I've always loved to write. Even from the time I was a kid in grade school, I've loved writing and telling stories. When we would go to dinner, I would take a notepad with me and a pen, and I would write. It sounds like nerd stuff today, but I guess that was one way to pass the time before the food came, long before the iPad came along.
For some reason, I gravitated to stories of loss or stories of fear. I would write ghost stories about kids going and exploring, or I would write stories about someone dying in a friend group. There was usually a baseball player in the story somewhere since that was my sport and my world.
I don't think I've ever been a great writer. I think I can tell stories for my audience, and maybe that's all that matters. The pen has been a tool for me, for my brand, and for my thoughts to transfer. The writing skills I was blessed with have opened up doors and opportunities for me to speak, to teach, to engage, and to share.
But everyone has a pen. I don't have access to anything fancy. Everyone has the ability to tell a story, and everyone has the ability to write their story — especially when it comes to their career.
Yet so few people take advantage of this, and they leave that pen in the hands of others. I've known dozens of people who would rather be miserable than pick up the pen and write their own story. For some reason, they are waiting for everyone else to make it happen for them. They know they can do it, but taking control is harder than it sounds at times.
The truth is, writing your own story is uncomfortable because it forces you to choose. When you pick up the pen, you no longer get to blame the editor, the publisher, the market, or your manager for how the plot unfolds. You have to decide what chapter you are in and whether you are going to stay there. You have to admit when a storyline has run its course.

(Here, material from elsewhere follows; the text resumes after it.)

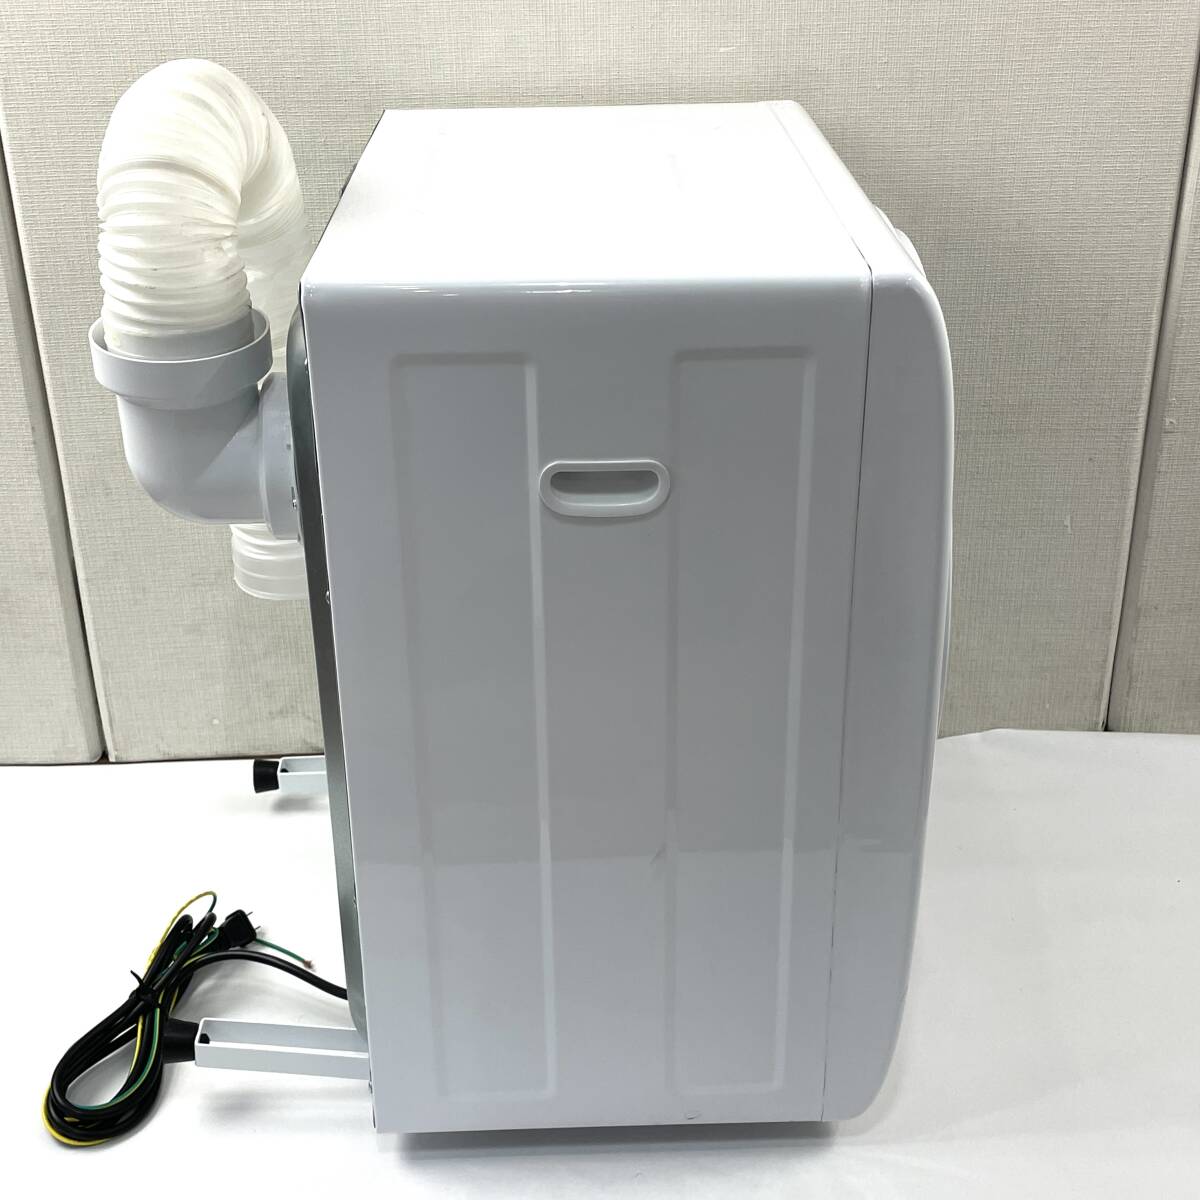 K\'s WAVE small size dryer My Wave Warm Dryer 3.0 K'S wave 24D north TO3

You have to risk writing something new that might not be perfect or might get rejected. I know that feeling. I've lived it. It is far easier to critique the script than to write it.
But the alternative is slow resentment. It is waking up every Monday feeling like a supporting character in someone else's narrative. It is telling yourself that one day, when the timing is right, when the market shifts, when your boss notices you, then you will finally get your shot. That day rarely arrives on its own. Stories move forward because someone makes a decision, not because the pages magically turn themselves.
So pick up the pen. Send the message. Have the conversation. Apply for the role. Start the side project. Leave the one that is draining you. Write the messy first draft of your next chapter and refine it as you go. Nobody else is coming to ghostwrite your career for you. And if you are going to live inside this story for the rest of your life, you might as well be the one holding the pen.